> Work task
Please reproduce the data exactly and omit the pictures.

*** Data ***

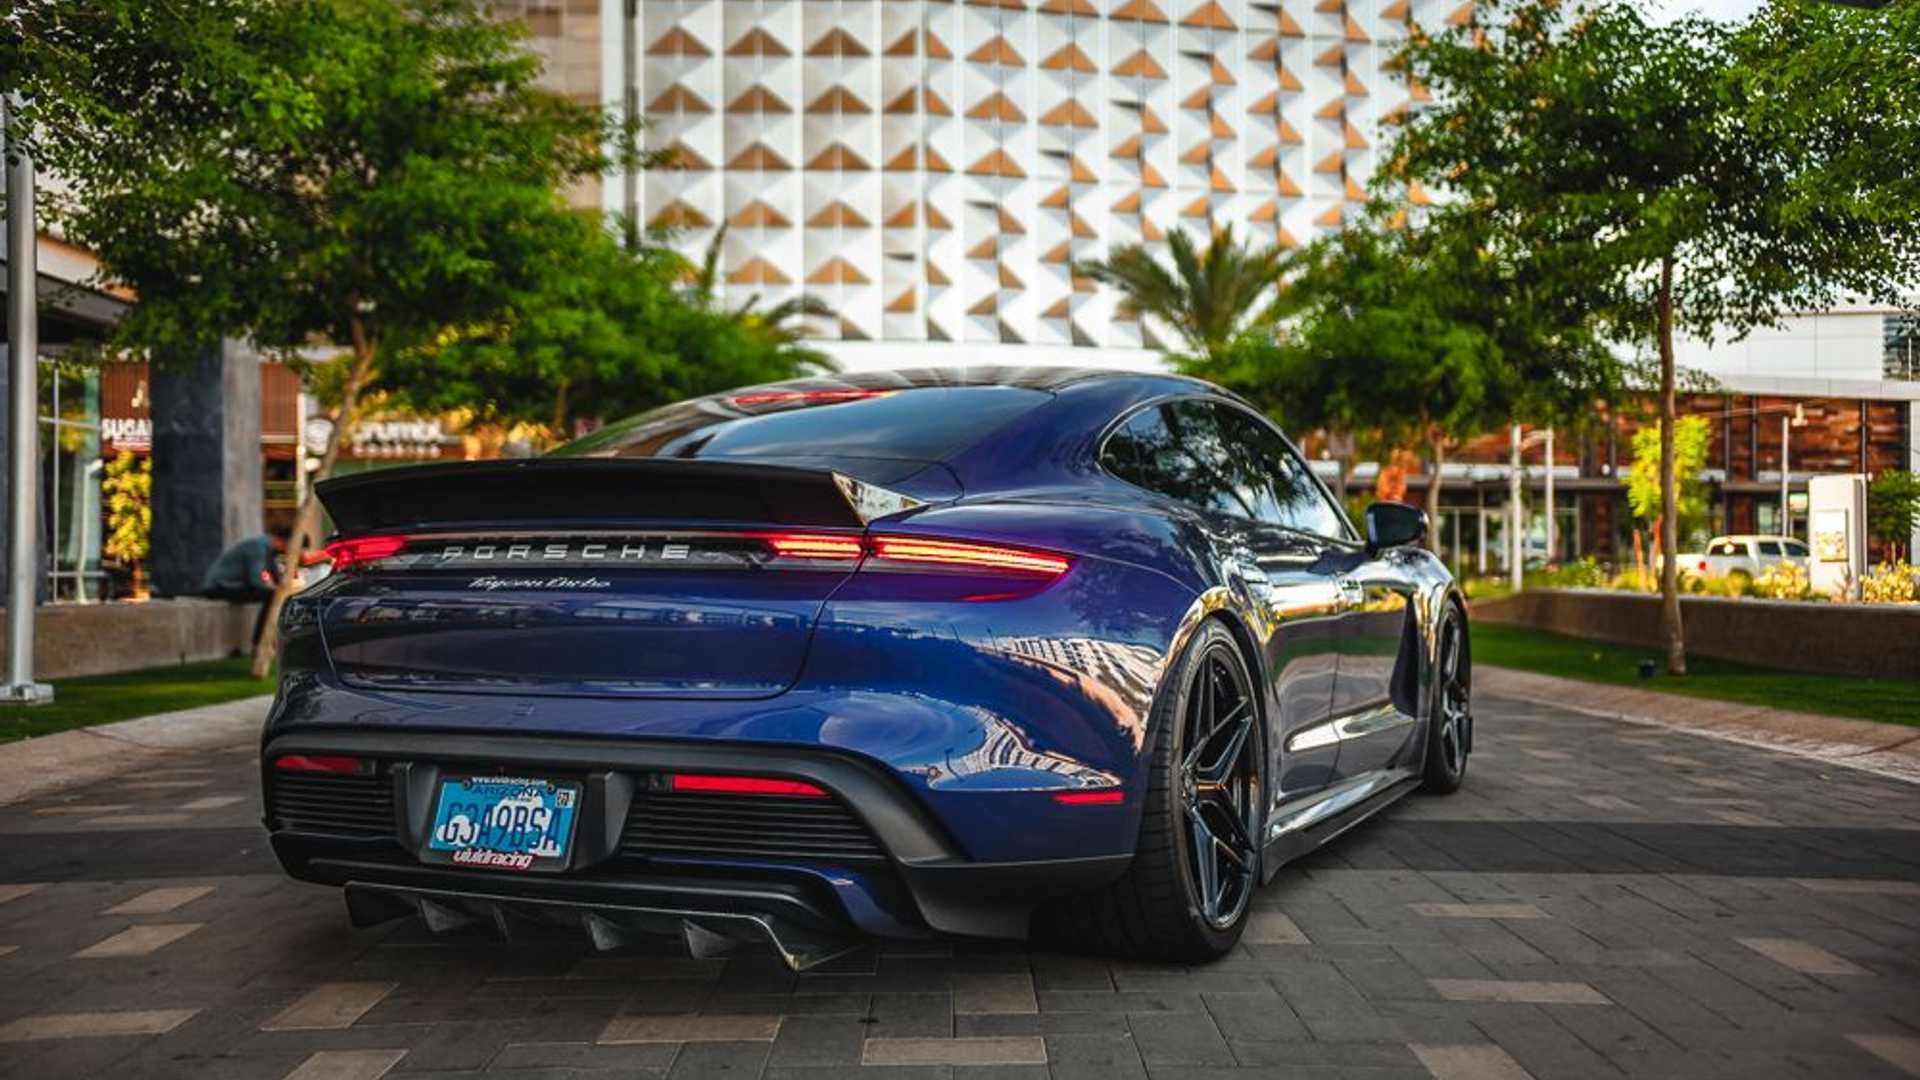 Porsche-Taycan-by-Vivid-Racing-29
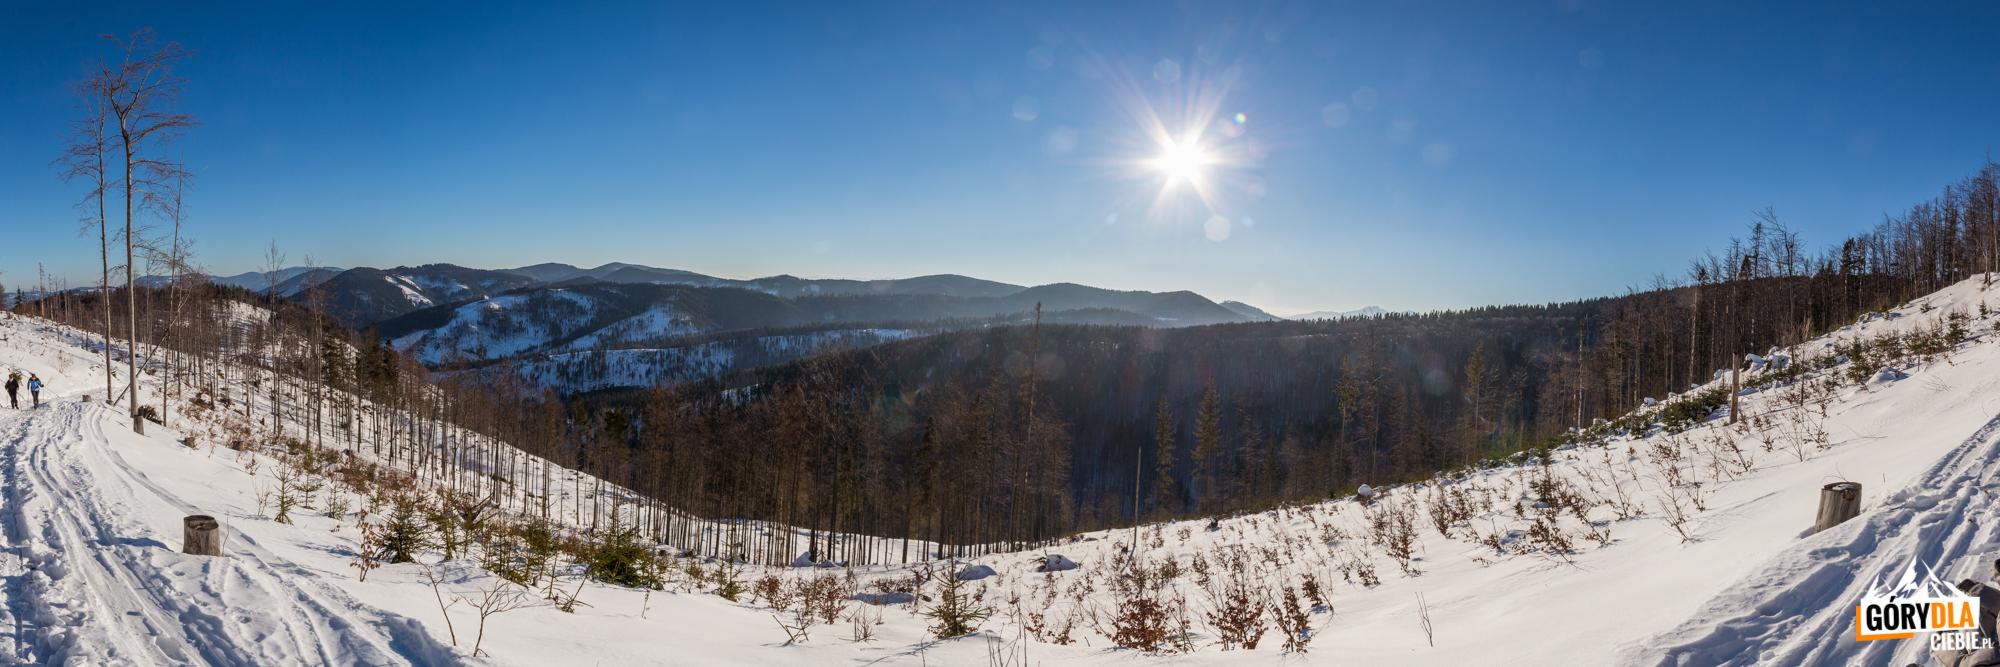 Widoki z żółtego szlaku na Wielką Raczę (1236 m) w kierunku Rycerzowej Wielkiej (1226 m)
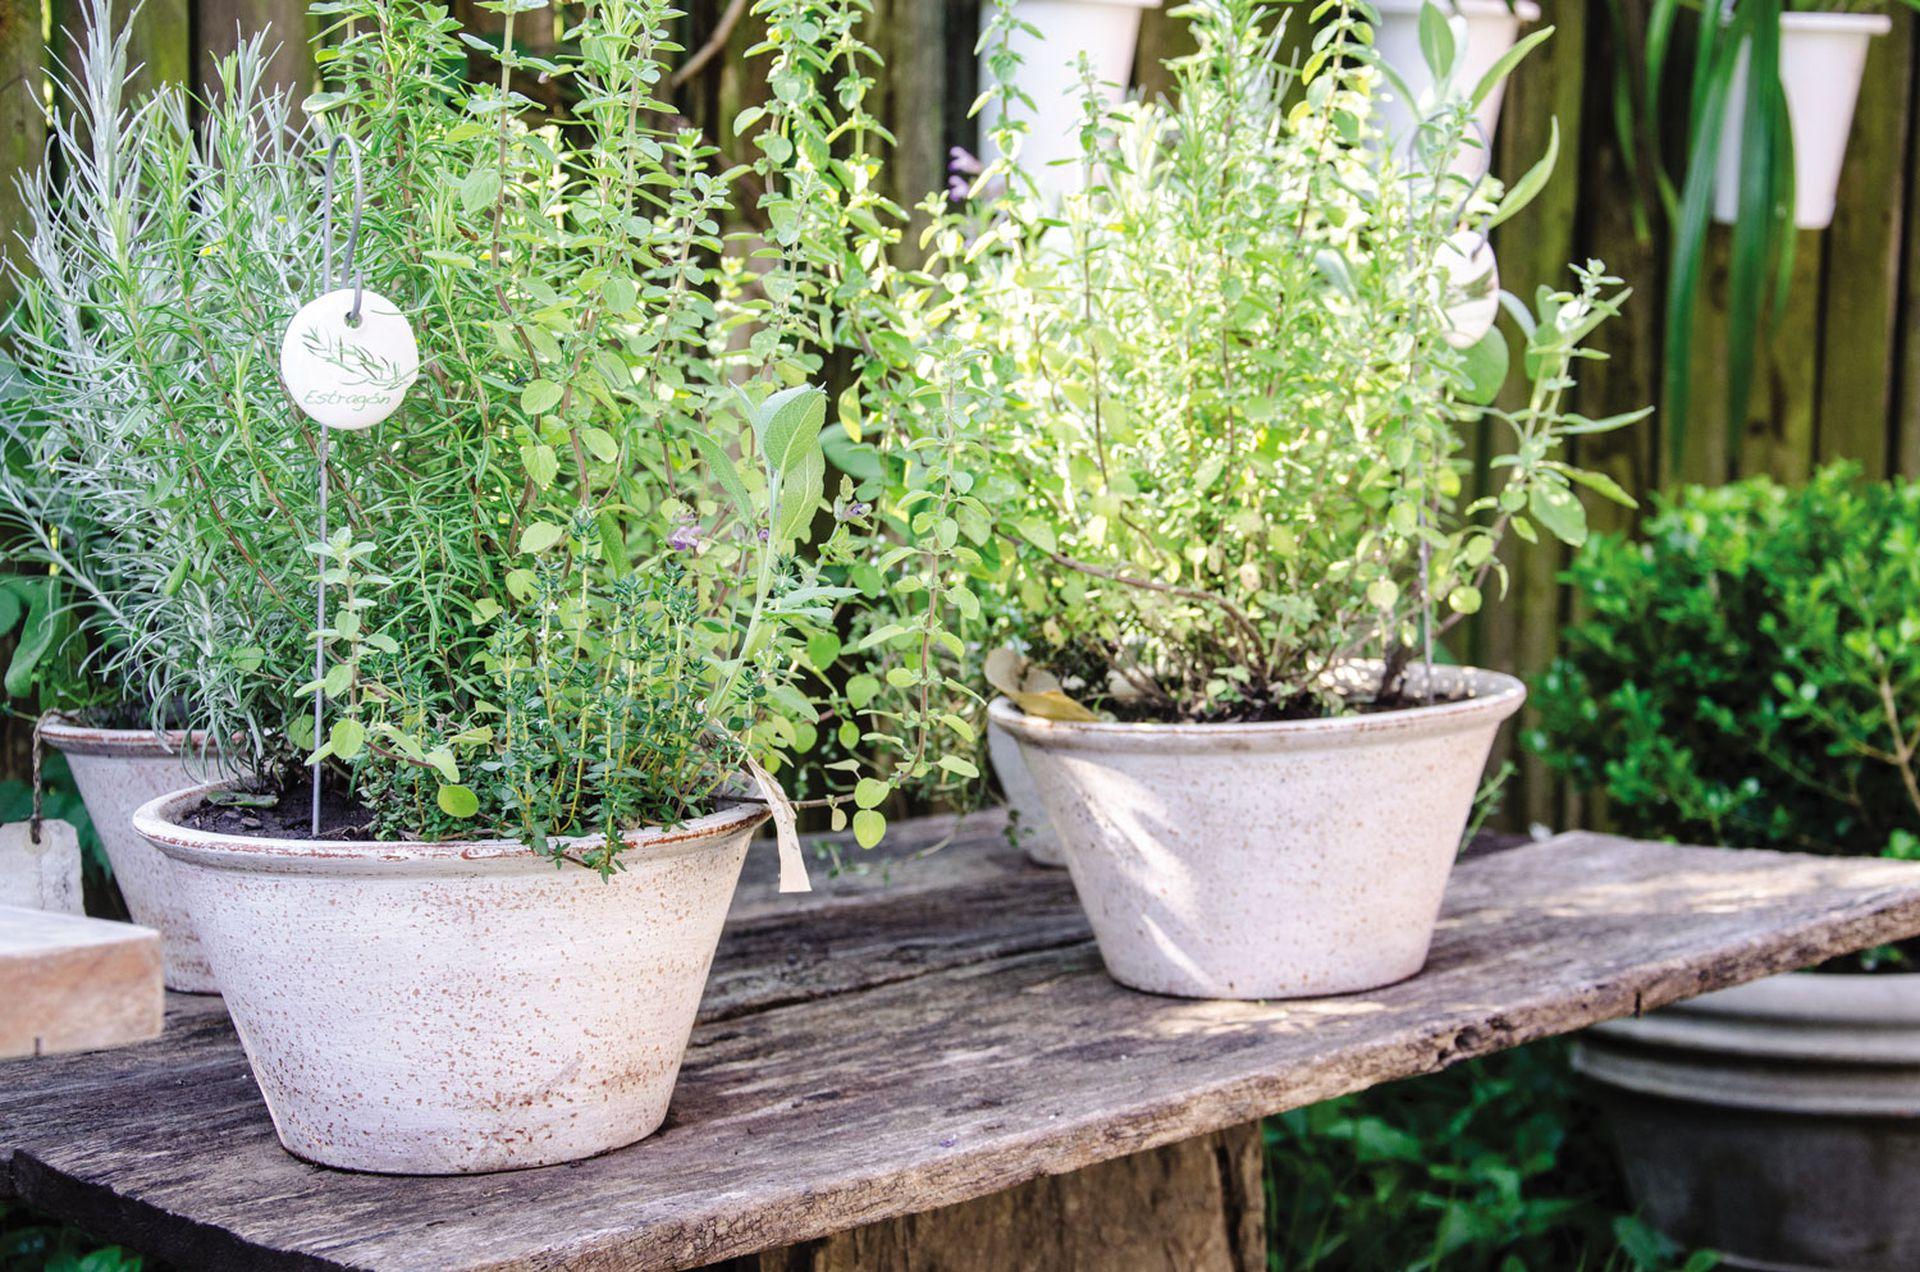 Aprender a conservar plantas aromáticas permite tener siempre a mano hierbas en la cocina.
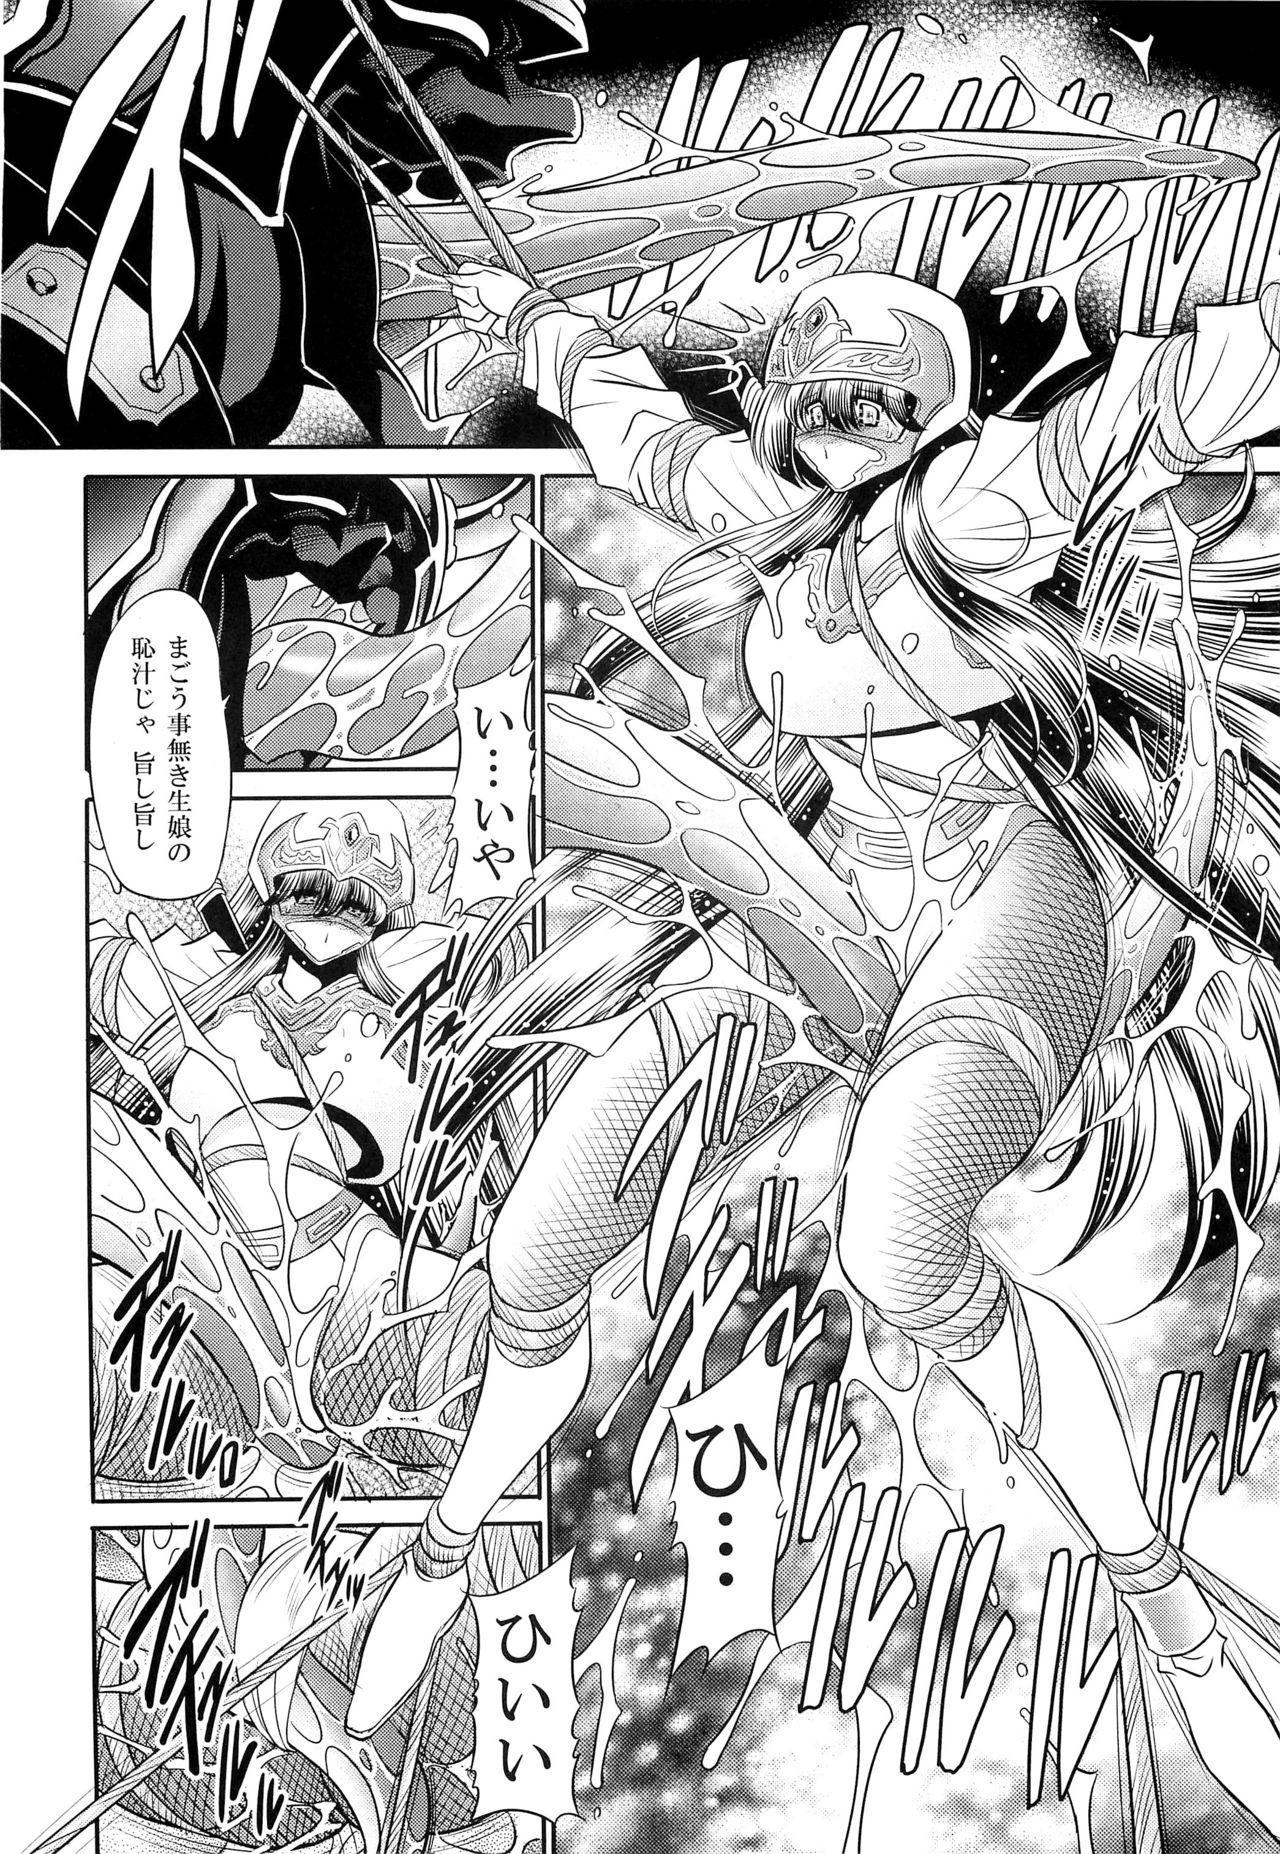 Himenin Hana Fubuki 12

*** End of Data ***

> Exercise solution
 Porsche-Taycan-by-Vivid-Racing-29
 Widoki z żółtego szlaku na Wielką Raczę (1236 m) w kierunku Rycerzowej Wielkiej (1226 m)
 Aprender a conservar plantas aromáticas permite tener siempre a mano hierbas en la cocina.
 Himenin Hana Fubuki 12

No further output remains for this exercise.